SYN -> SYN/ACK time (actual connection) 22%
Web browser says "Contacting www.website.com..."
SYN/ACK -> first data (web server work-- 78%
getting material, processing material)
Web browser says "www.website.com contacted, waiting for response"
Note that this didn't include different types of content. But it *did*
truly measure one thing--that the delay caused by web servers is
considerably higher than that of "network performance" (or actual connect
time).
Urm, maybe I'm missing something here, but taking an incredibly
simplistic model where you have a probability p of losing any packet,
there is a (1-p)^3 chance of 3 way handshake losing a packet and stalling,
and a (1-p)^(2 * no packets reqd for 1st data) for the latter. With
slow start etc there are bound to be more than two packets back before
it starts processing the response, so the latter is always going to
have a higher chance of failing. Now add to the fact that with technology
such as ATM, it is more likely large packets will be dropped than small
ones (with a given cell loss probability), and being careful to remember
all that good stuff at the last but one NANOG about broken client stacks,
and I think you might find the above is a "non measurement".
I *think* (and am not sure) that if you have a proxy set up, you
always get the latter once you have connected to the proxy.
Oh, and to skew the figures in the other direction, doesn't the first
prompt come up while the DNS lookup is being done?
==>ones (with a given cell loss probability), and being careful to remember
==>all that good stuff at the last but one NANOG about broken client stacks,
==>and I think you might find the above is a "non measurement".
It's a rough measurement, and if you'd go so far as to assign a 20% error
margin, you'd stillsee that a web server still owns a *significant* piece
of the click-to-data time, over 50%.
I think that a 20% error margin would be fair for this, provided neither I
nor my provider was having network problems at the time.

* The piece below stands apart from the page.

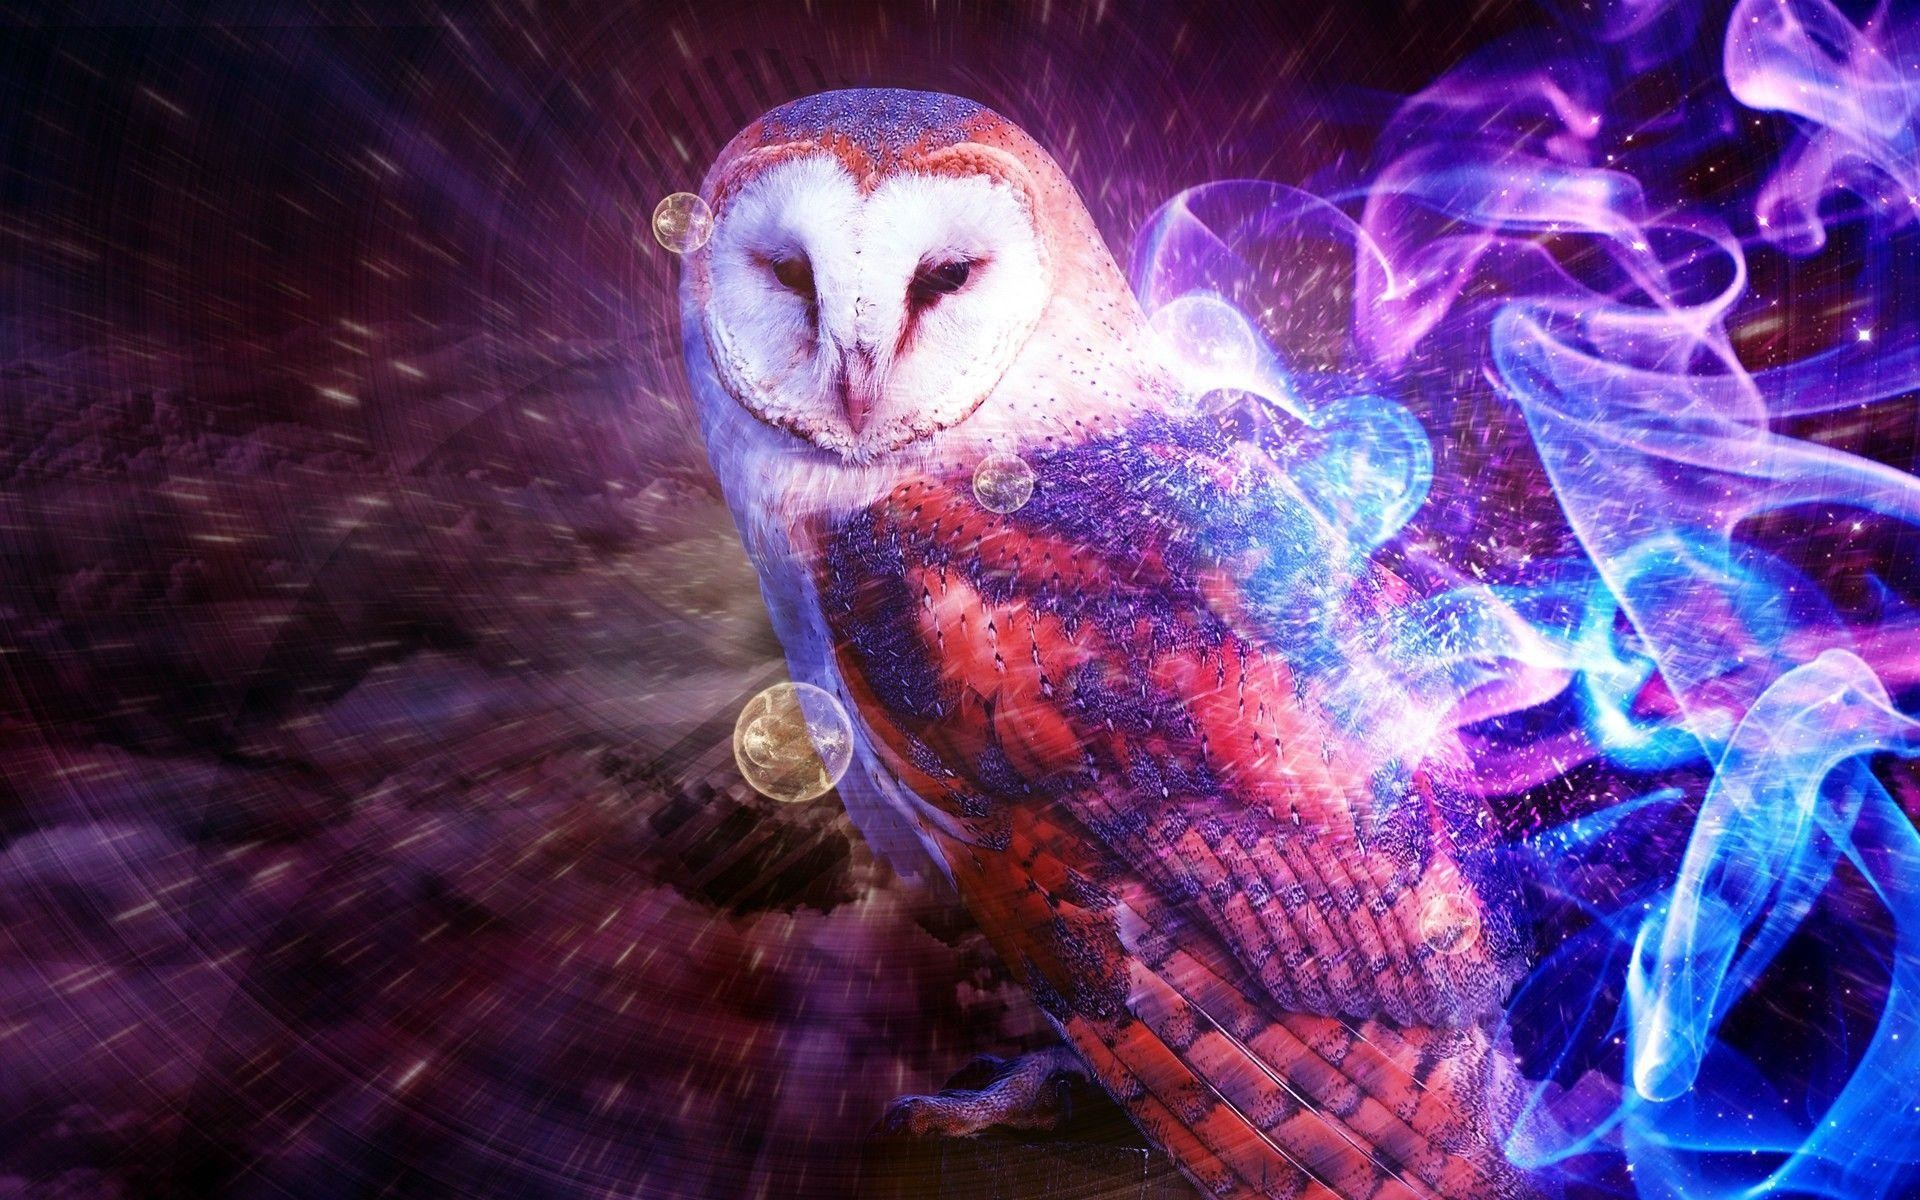 Cartoon Owl Wallpaper – WallpaperSafari

At the time,
this was intended as a rough measurement to determine how much time was
wasted in waiting for inefficient web servers.
==>I *think* (and am not sure) that if you have a proxy set up, you
==>always get the latter once you have connected to the proxy.
==>
==>Oh, and to skew the figures in the other direction, doesn't the first
==>prompt come up while the DNS lookup is being done?

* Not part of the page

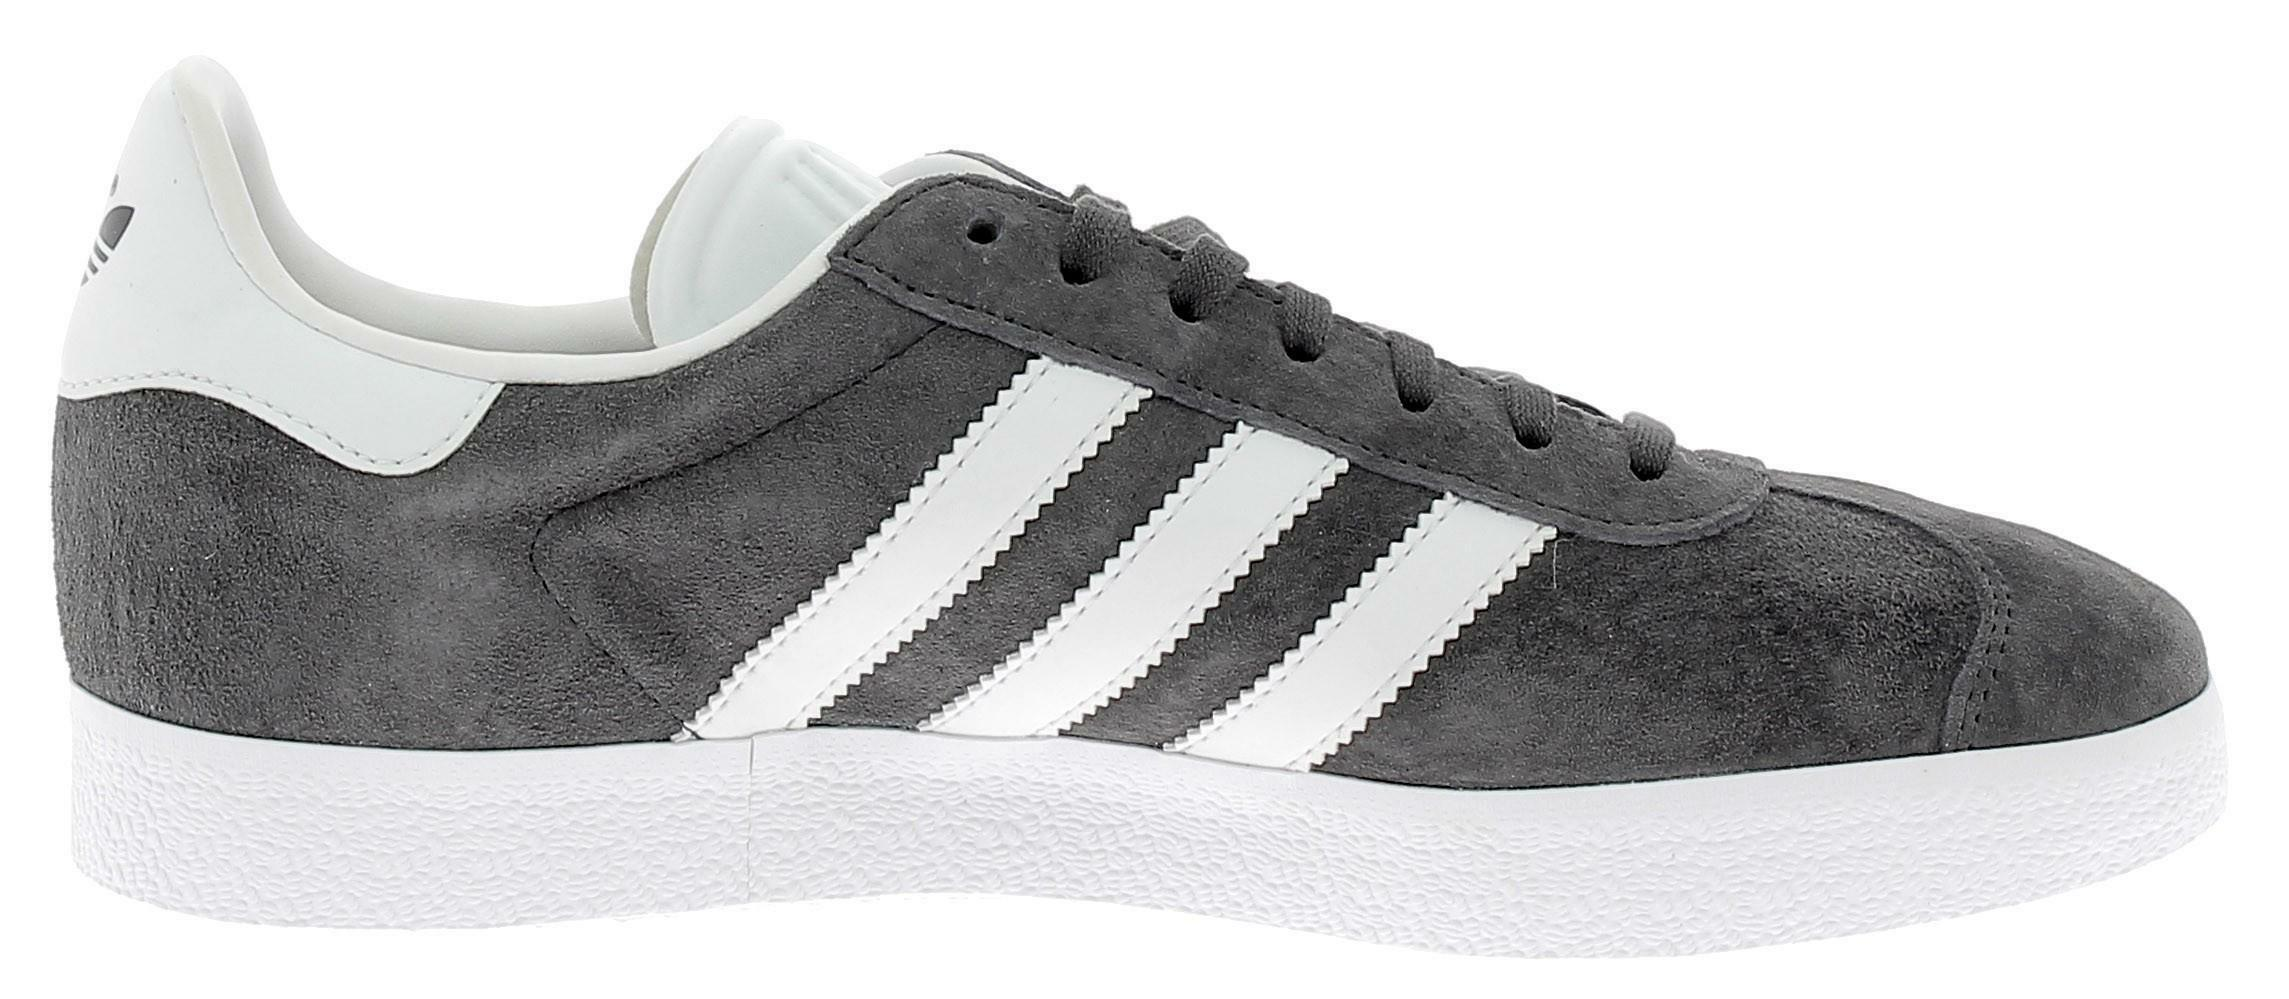 adidas gazelle scarpe sportive uomo grigie

Nope. You'll see "Looking up host www.website.com..." in most browsers.
(I didn't use a browser to measure this; those "web browser says" lines
were there for the reference--a lot of people ask me why it sits there a
while after saying "contacted, waiting for response".

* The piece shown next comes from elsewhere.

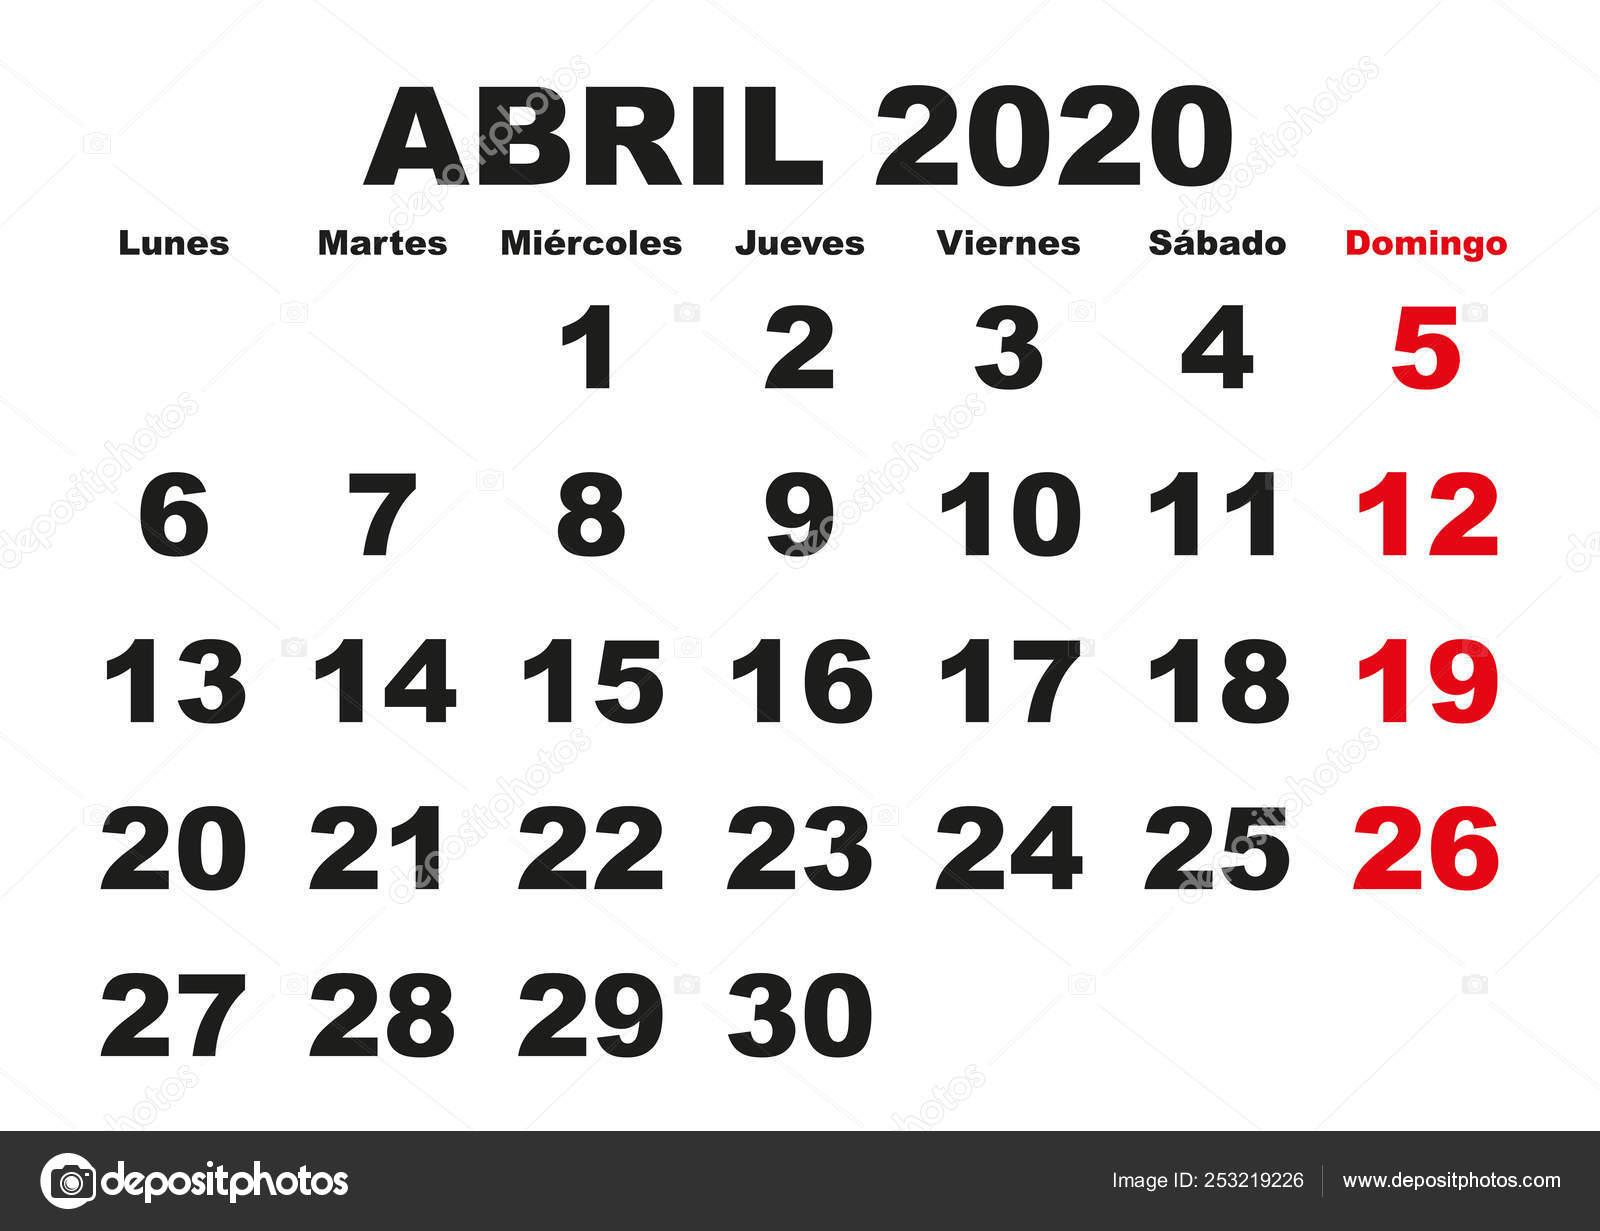 Calendario Mese Aprile 2020.Abril 2020 Parete Calendario Spagnolo Vettoriali Stock

It's a rough measurement, and if you'd go so far as to assign a 20% error
margin, you'd stillsee that a web server still owns a *significant* piece
of the click-to-data time, over 50%.
Especially if it's using the particularly sub-optimal (aka 'broken')
network stack that a very popular server operating system has.
In fact, some recent measurements of mine show a large variance even
for a connection setup on a local network depending upon what IP
stacks are involved: varying between 0.39s and 0.007s. (Unsurprisingly
the broken stack referred to above works quite well with itself, and
not too bad with an earlier OS from the same company - if I didn't
know better I might believe that they only tested with their own
systems.)
(this isn't really operational so if you want names let me know
privately. Perhaps someone out there has some clout.)